To be able to make this estimation, information regarding previously received audio frames must be available. This information is stored in step 36 in FIG. 3, and the information contains data associated with the last received audio frame, e.g. the arrival time, the RTP (Real-time Transport Protocol) time stamp, which may be calculated for each audio frame in a packet containing more than one audio frame by adding the appropriate number of audio frame_lengths to the RTP packet time stamp, and the RTP sequence number. The information may also include data regarding the current play-out state, the play-out time for the last played audio frame, and the RTP time stamp for the last played audio frame, which could be used for estimating the play-out delay, according to further embodiments of this invention, in which a more precise estimation is obtained.
FIG. 6 is a flow diagram illustrating the basic concept of this invention, i.e. how to estimate the required jitter buffer depth for a received audio frame, corresponding to step 34 in the above-described FIG. 3. In step 61 in FIG. 6, the previously received audio frame with the lowest transmission delay is located, i.e. the fastest audio frame, using stored information. In step 62, the play-out delay for a received audio frame is calculated, using data of the received audio frame and of said located fastest audio frame, e.g. the arrival time and the time stamps of said audio frames, as described above. In step 63, the play-out delay is transformed into a required jitter buffer depth, indicating the number of audio frames needed in the jitter buffer to accommodate the estimated play-out delay, and this transformation may e.g. be performed as described above, by determining the relationship between the estimated play-out delay in samples and the number of samples in the received audio frame.
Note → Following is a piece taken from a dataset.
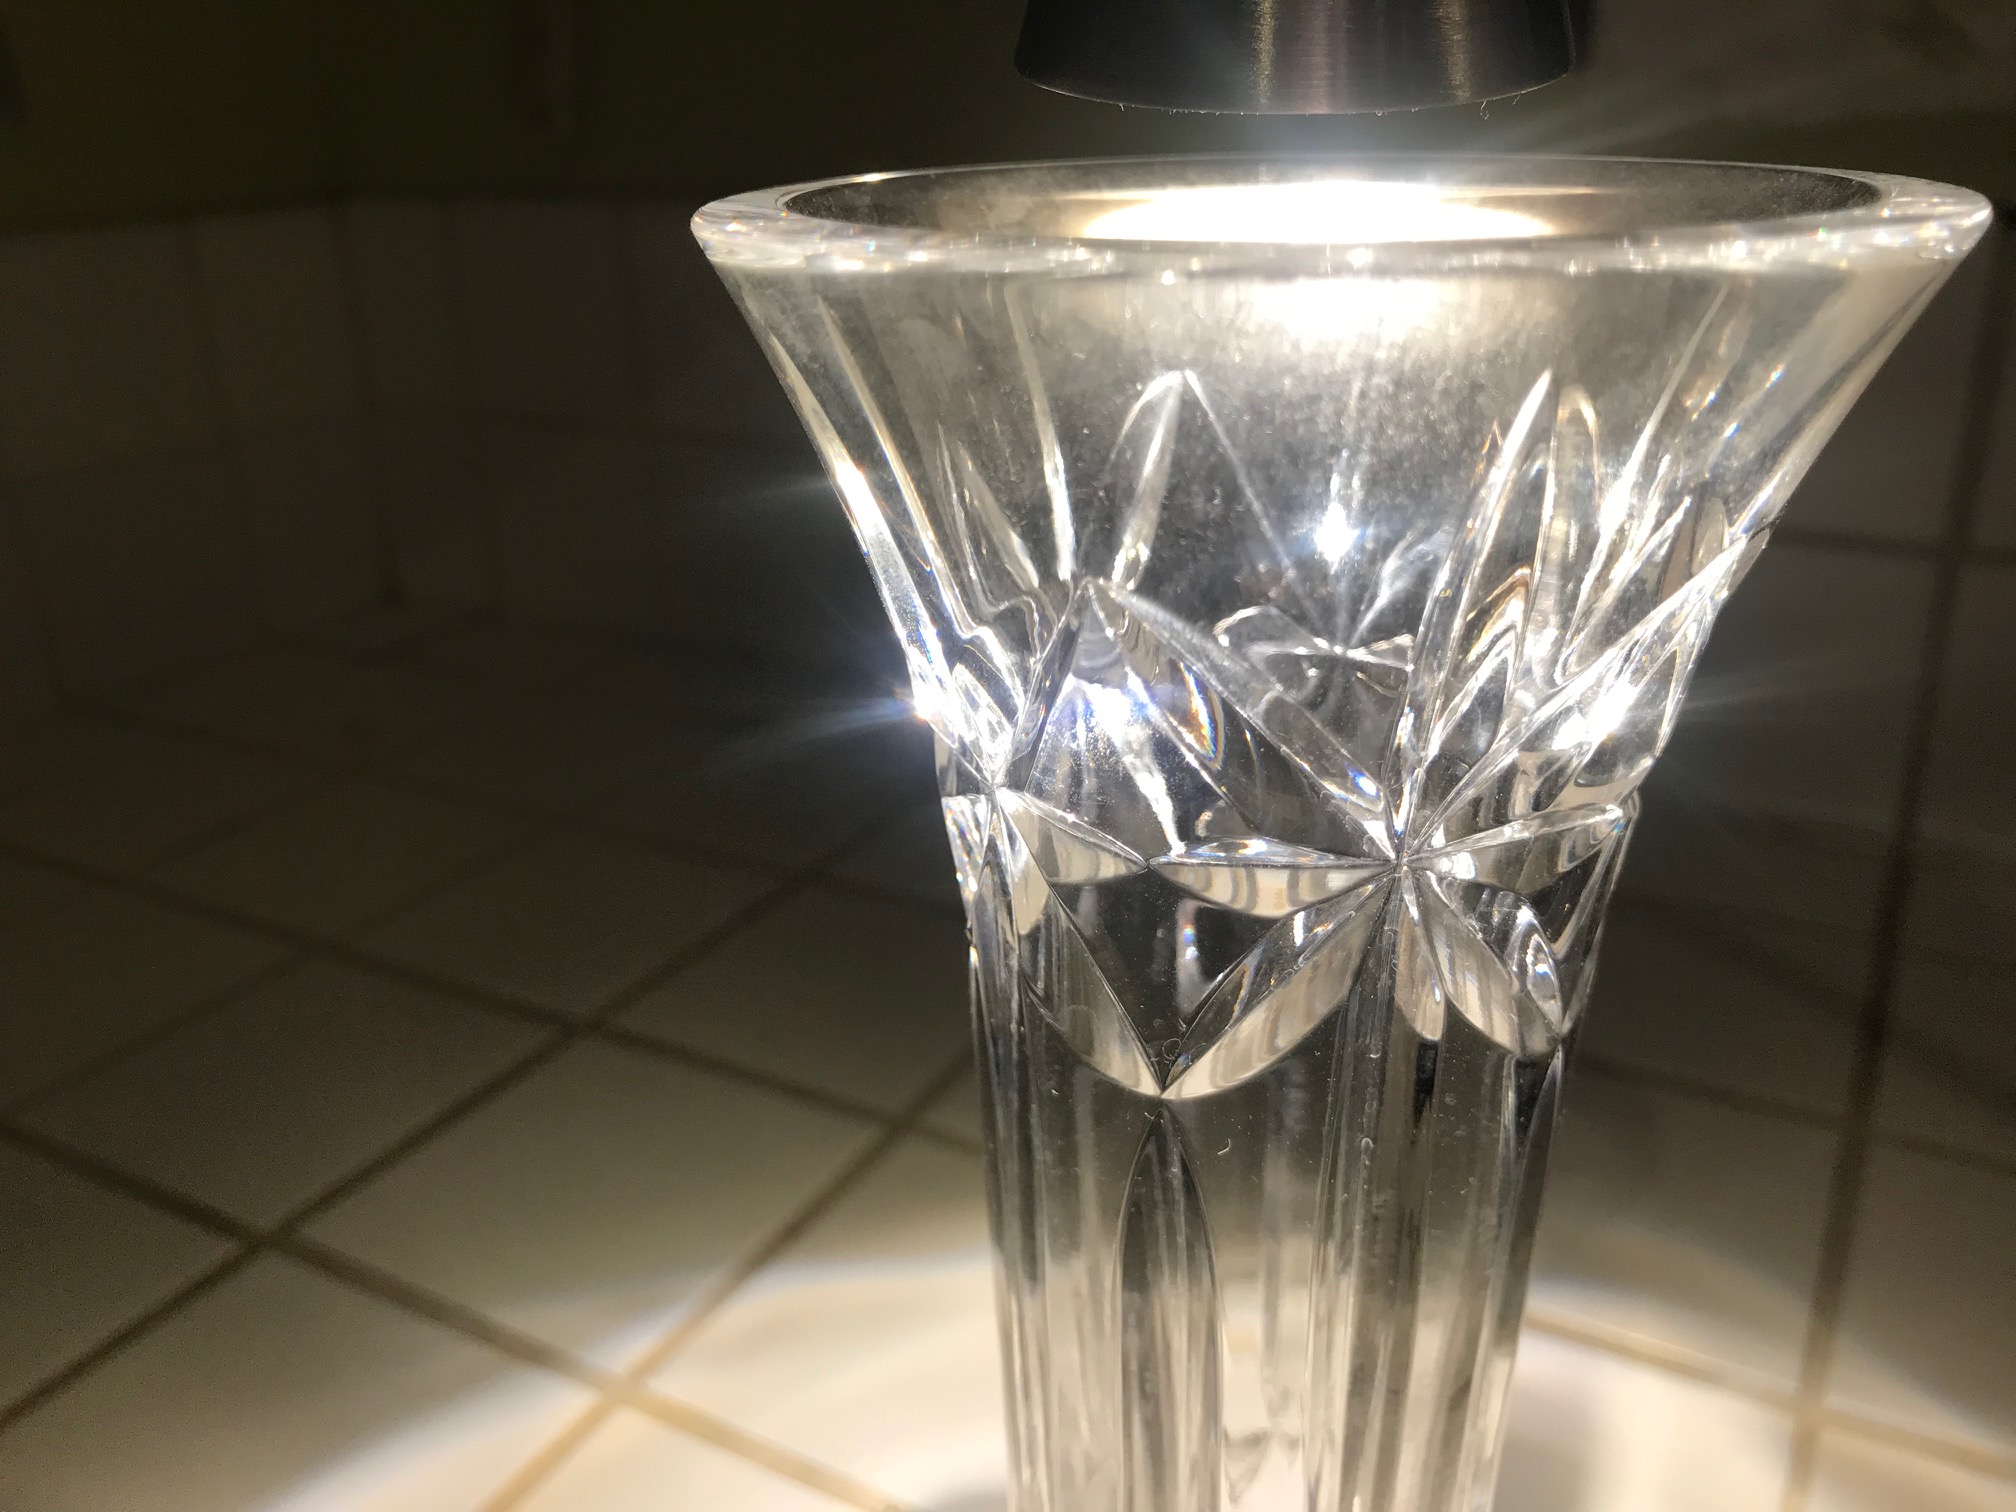 Waterford crystal bud vase: 386,000 ppm Lead (39% Lead)! Crystal
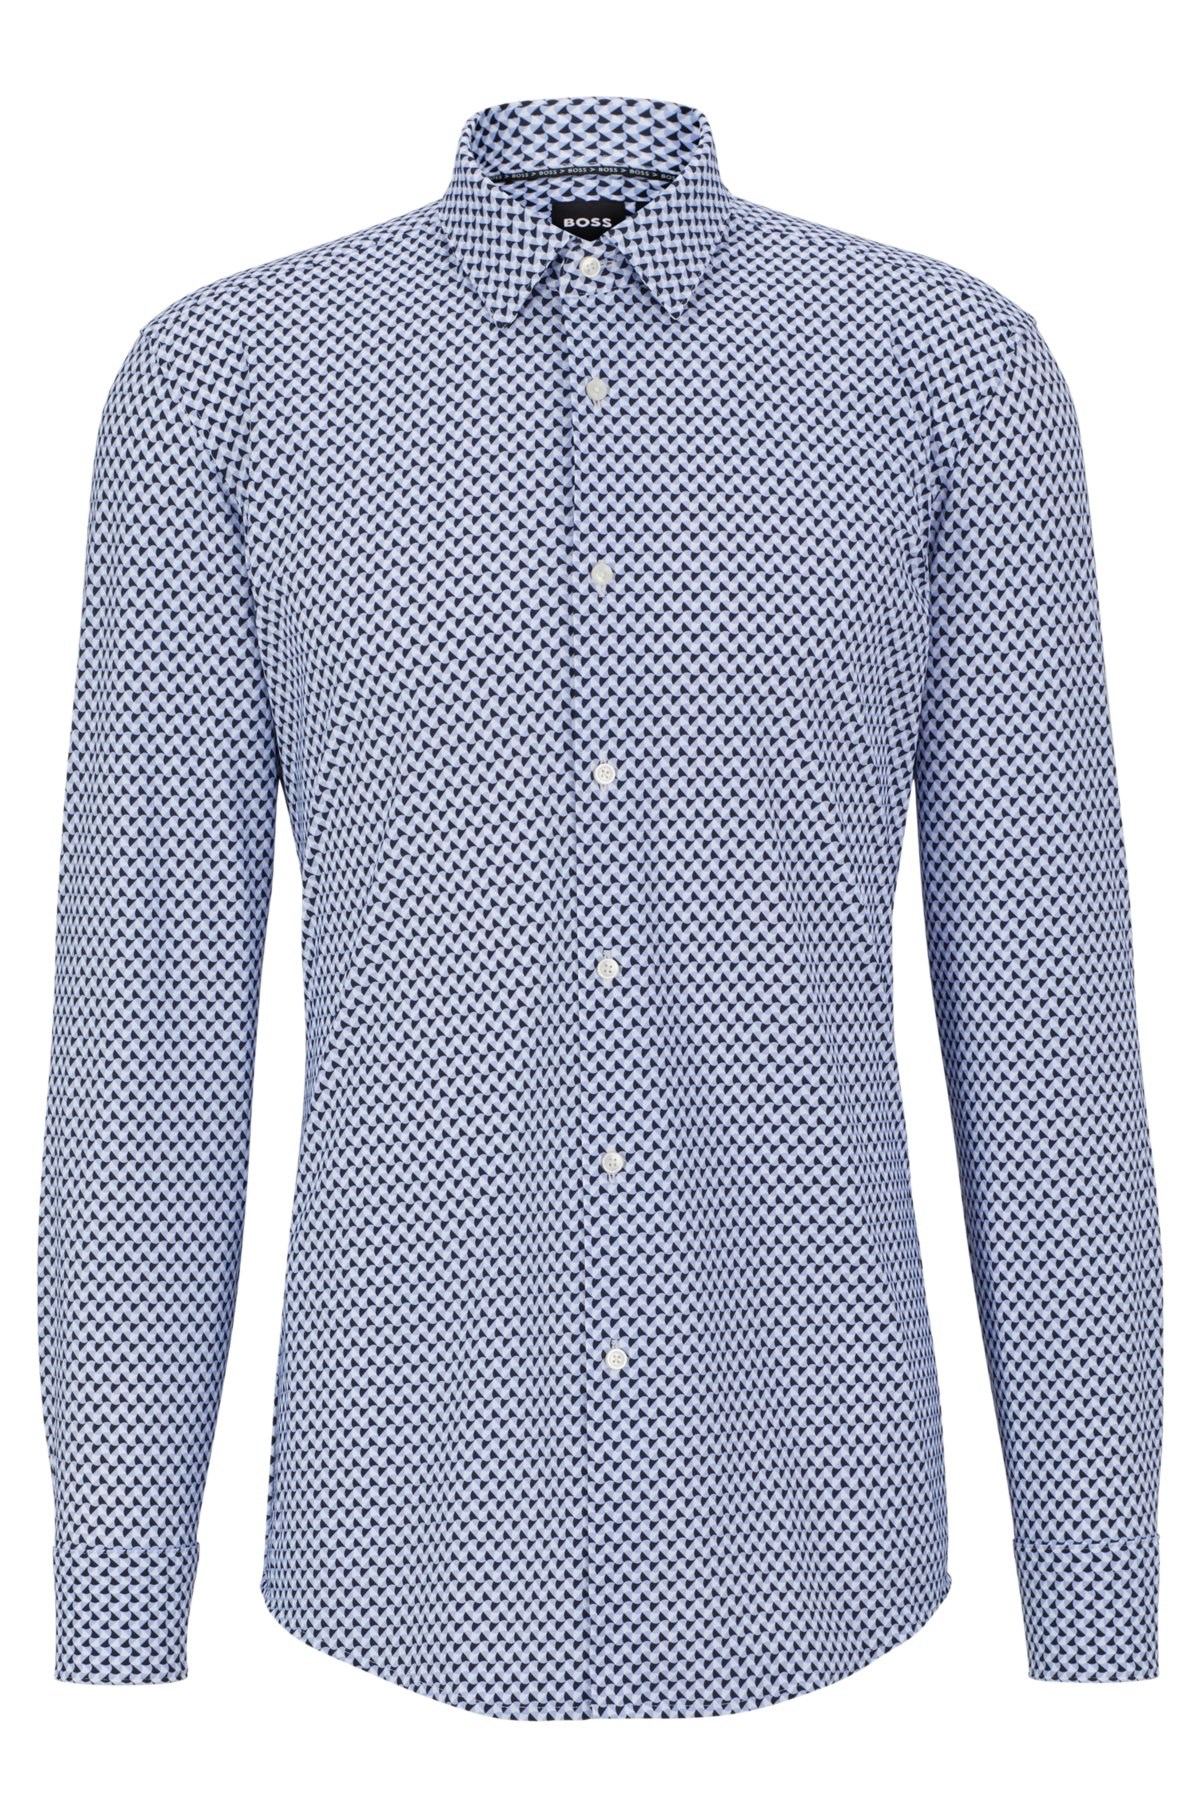 Leeds Becks pijpleiding BOSS - Slim-fit overhemd van hoogwaardige stretchjersey met print

In FIG. 5, a jitter buffer (not illustrated in the figure) is connected to a play-out unit 50, which comprises an audio buffer 52 and a sound transducer 54. The jitter buffer of a receiving terminal is normally connected to the audio buffer 52 in the play-out unit 50. The sound transducer 54 fetches samples from the audio buffer 52 regularly, and this period is specified as the play-out_period. If the audio buffer is empty, an audio frame is fetched from the jitter buffer, decoded and stored in the audio buffer, from which data may be fetched by the sound transducer 54, e.g. with a play-out period of 20 msec. The length, expressed in a number of samples, of an audio frame is codec-dependent and must be specified in the audio frame_length, and the AMR-NB (Adaptive Multi Rate-Narrow Band) audio frame_length is 160 samples, corresponding to 20 msec.
According to this invention, a play-out delay is estimated in samples and transformed into a required jitter buffer depth expressed in a number of audio frames, which is adapted for jitter buffer management. According to a further embodiment of this invention, the current play-out state is also considered in the estimation of the play-out delay, or in the transformation of the play-out delay to a required buffer depth.
FIG. 7 illustrates how the play-out delay is calculated and quantified depending on the different play-out states, as indicated by Case 1, Case 2 and Case 3.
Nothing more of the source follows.